My Best Solution (TL;DR)

The goal is to make the benefit of learning <skill x> apparent to students so that they will want to learn it.  The best solution I’ve ever found is in showing students how to program a computer to do all of the textbook problems for them.  Geogebra is a programming environment that students can use effectively after a few minutes of training, and in my experience people love making computers do work for them.  The math comes to the forefront because now we’re making paper boxes out of a piece of paper of any size.  Now the students aren’t learning math to figure out what size to make a box (BORING) but instead they’re learning math to figure out how to get a computer to do their homework (FUN).  They’re not doing work by hand for twenty similar problems (TEDIOUS), they’re generalizing and finding patterns that the computer can make visual for them (ILLUMINATING). They’re not talking about farmers or engineers doing some problem (IRRELEVANT AND OVERLY SIMPLIFIED) but they’re learning to identify patterns and make computers work for them (REAL-LIFE DETAIL, OVERWHELMINGLY RELEVANT).

David Cox has a lot of posts about Geogebra, and I’ve written a few other articles explaining different parts of geogebra too.  If you teach math or any kind of numerical analysis, I implore you to learn to use Geogebra or another programming environment and bring it into your classrooms.  As long as the electricity and lithium hold up (fingers crossed) programming is going to be hugely important to your students.  As an added benefit, programming will let you go farther and deeper in your classes because students will get that delicious, stone-cold, 100% accurate feedback that only a computer can give.

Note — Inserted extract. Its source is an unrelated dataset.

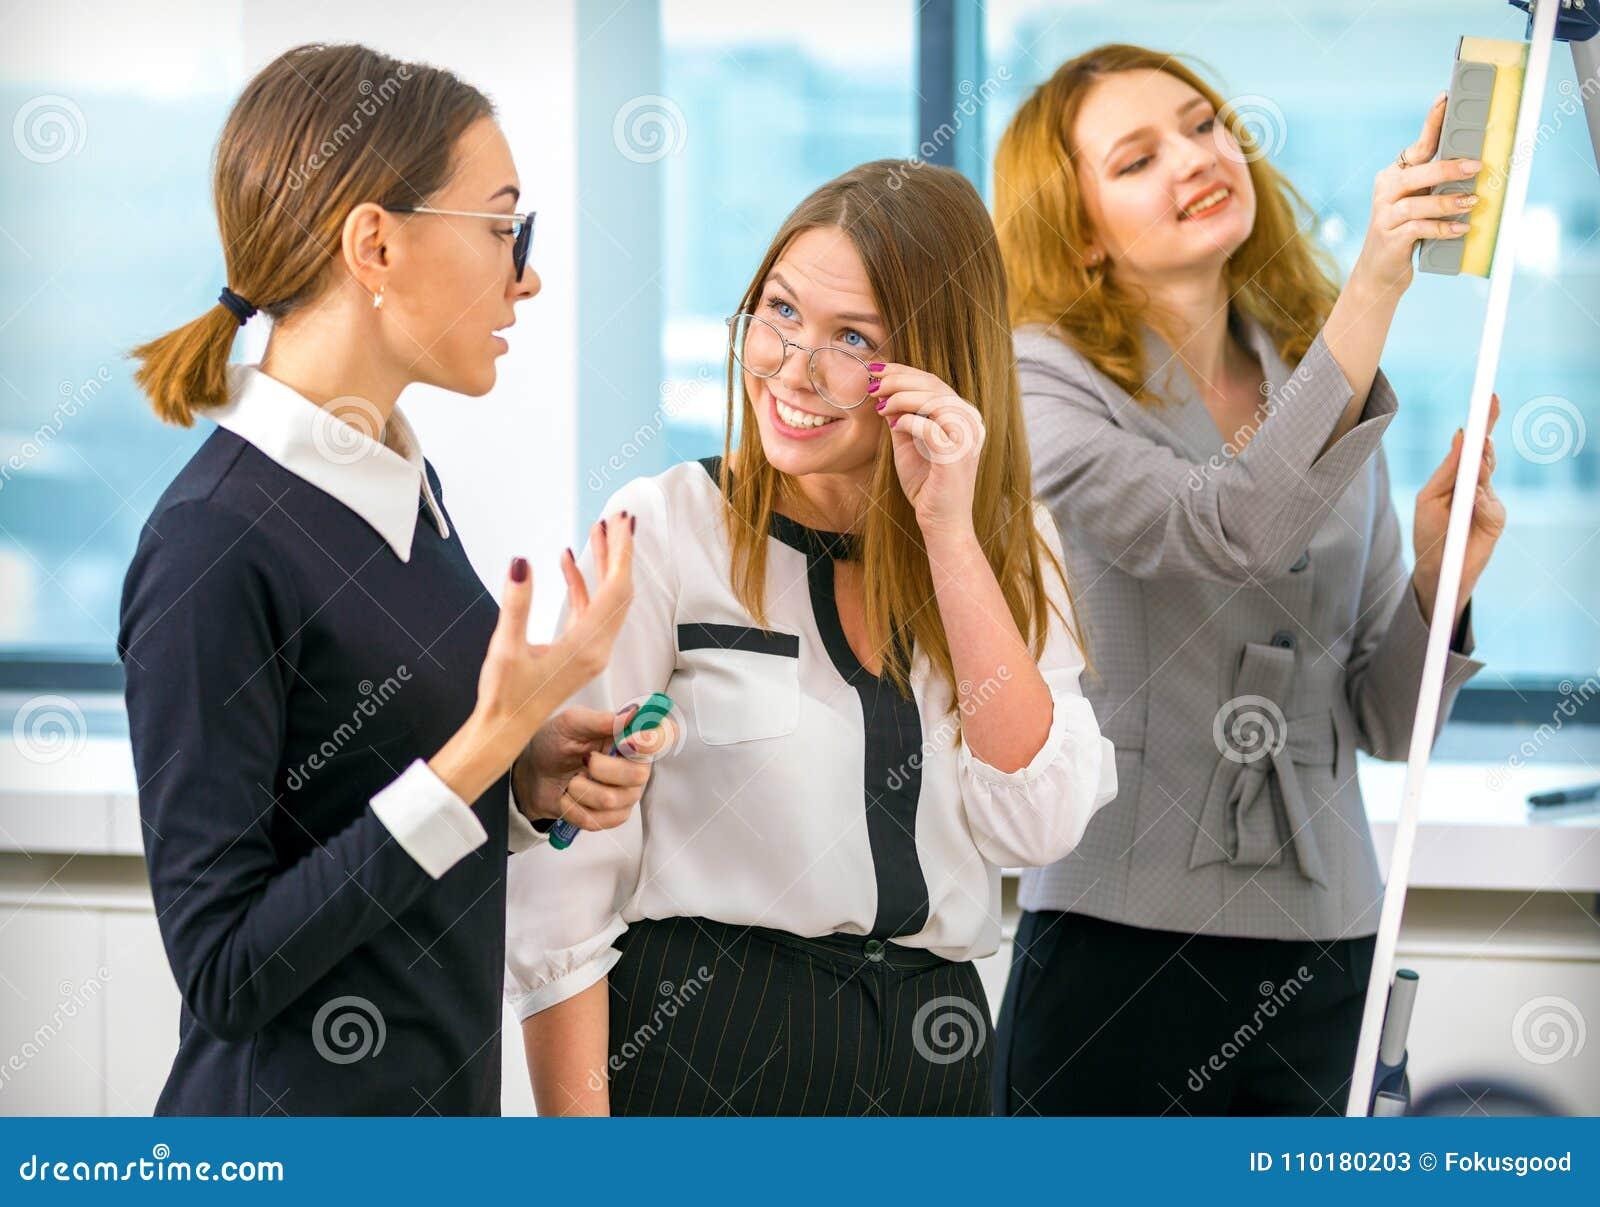 Девушки на работе в офисах подіум полтава

13 thoughts on “How I Teach Calculus: Computers.”

  1. I love the general idea here and I can see myself totally doing something like this next year. I don’t know if I agree with the “none of the students will every harvest hay” argument. One problem I enjoy for optimization that doesn’t relate to most students’ future occupation is the optimal shape of a can. Guessing there might give you a good answer (though intuition isn’t perfect on this one) but a company could lose tons of money if they are even off by a bit. And then you can have discussions about why all cylindrical items aren’t shaped like that (the complications you mentioned in your plowing story). Thank you for the idea to get the STUDENTS to do the programming in GeoGebra.

    1. I think it’s great for students to think about problems that other people have – I might argue that that skill is more important than all of the math they’ll ever study. Thinking about farmers’ problems, though, won’t necessarily convince a student far removed from farmers that he or she should learn math.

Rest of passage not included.